Корум редко позволял, чтобы его заставали врасплох, и, смутившись, что кто-то слышал его воинственный возглас, отвернулся, не в силах посмотреть ей в лицо. Юмор мгновенно оставил его.
— Боюсь, госпожа, что для вас во мне нет ничего от героя, — холодно произнес он.
— И от зловещего божества тоже, Властитель Кургана. Многие из нас долго колебались, прежде чем призвать вас. Многие думали, что если вы и существуете, то можете оказаться мрачным и зловещим созданием, похожим на Фои Миоре, и мы сами призовем беду на свою голову. Но нет, перед нами предстал человек. Человек, куда более сложный, чем просто бог. И похоже, на каждом из нас лежит разная ответственность. Вы разгневались оттого, что я увидела, и вам не чужд страх…
— Скорее всего, это был не страх, госпожа.
— А может, и он. Вы встали на нашу сторону по своему выбору. Мы ничего не можем требовать от вас. У нас нет власти над вами, пусть даже мы считали обратное. Вы помогаете нам, несмотря на свои страхи и грызущие вас сомнения. Это куда более ценно, чем помощь какого-то откровенно бесчувственного сверхъестественного существа, подобного Фои Миоре. Фои Миоре боятся вас, они знают легенды. Помните это, принц Корум.

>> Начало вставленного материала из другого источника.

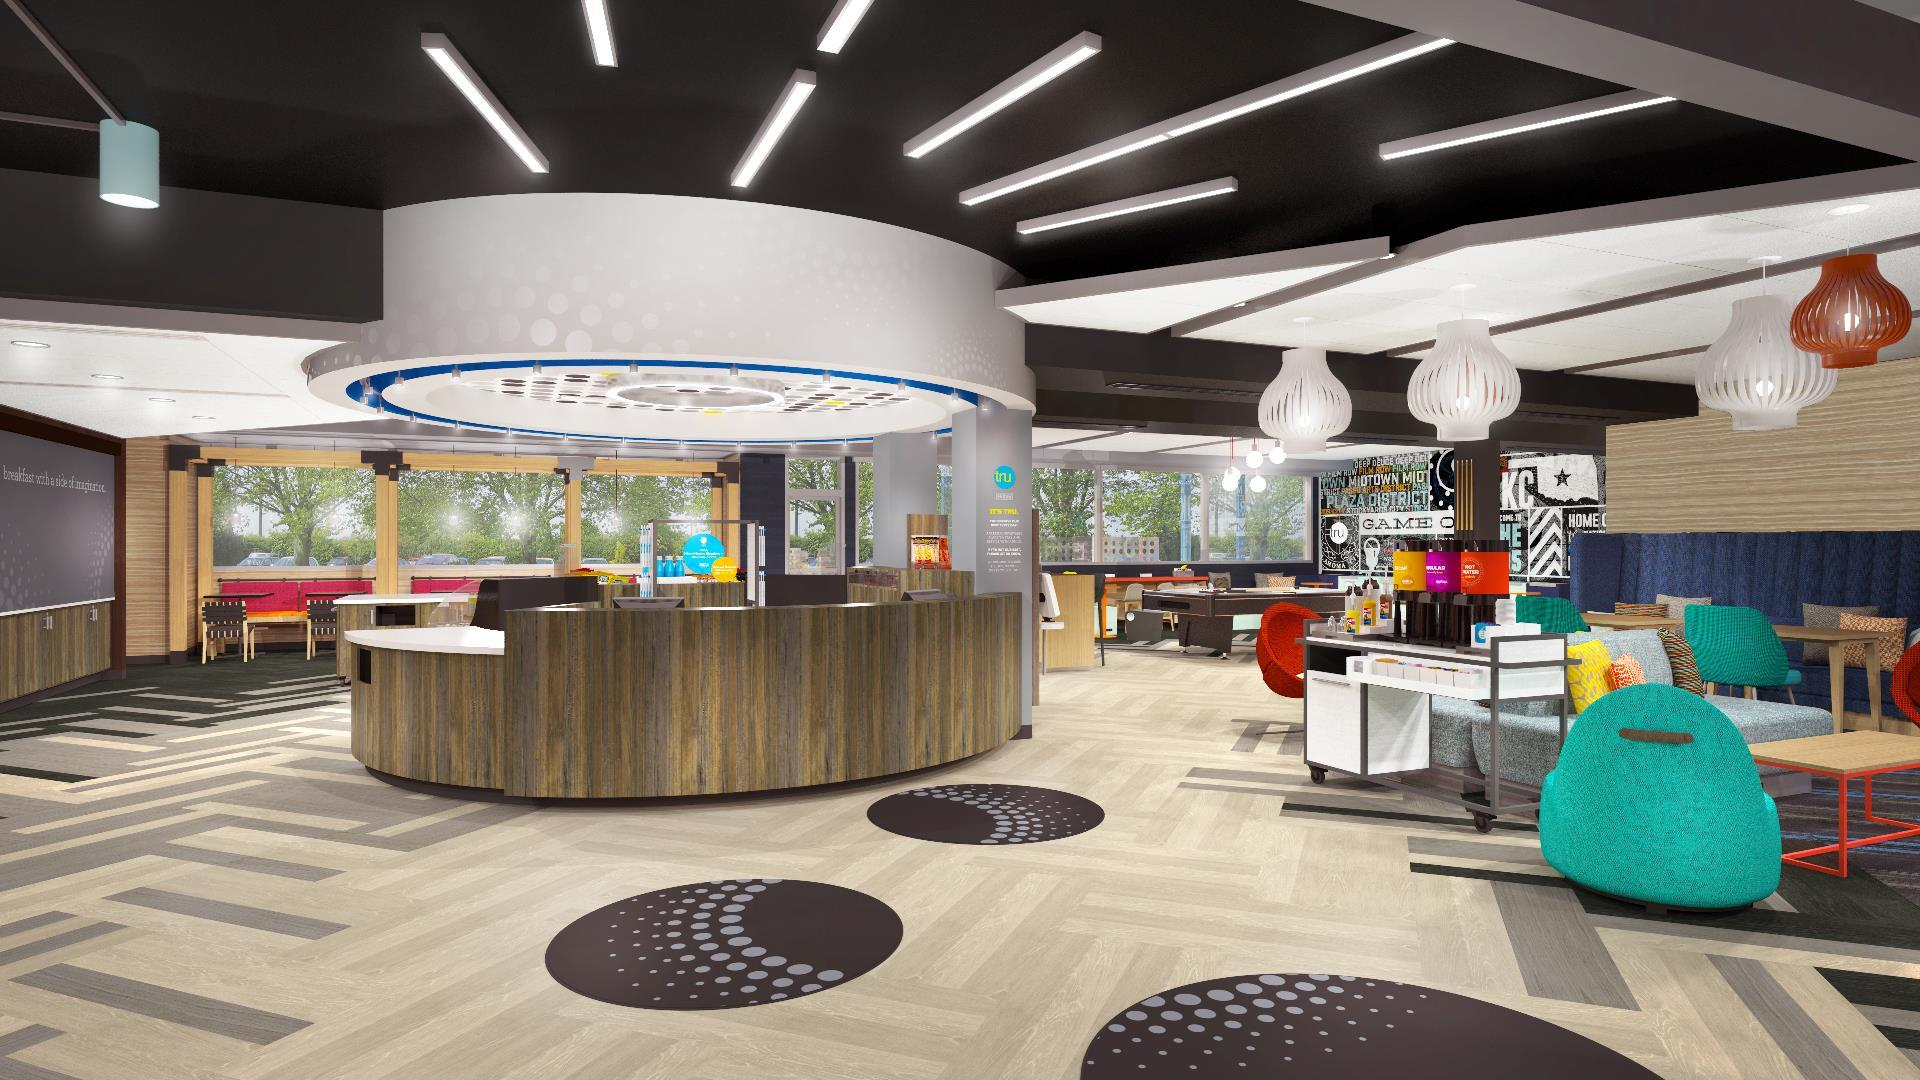 Tru es la nueva marca de Hilton y ya abrió su primer hotel

Корум продолжал стоять, не поворачиваясь к ней. Ее теплое отношение не вызывало сомнений. Ее действительно тянуло к нему. Она была столь же умна, сколь и красива. Как он может повернуться к ней, если в этом случае он увидит ее, а увидев, он будет не в силах полюбить ее, полюбить так, как Ралину?
Справившись с голосом, принц сказал:
— Благодарю вас за вашу любезность, госпожа. На службе вашему народу я сделаю все, что в моих силах, но предупреждаю: не ждите от меня чего-то особенного.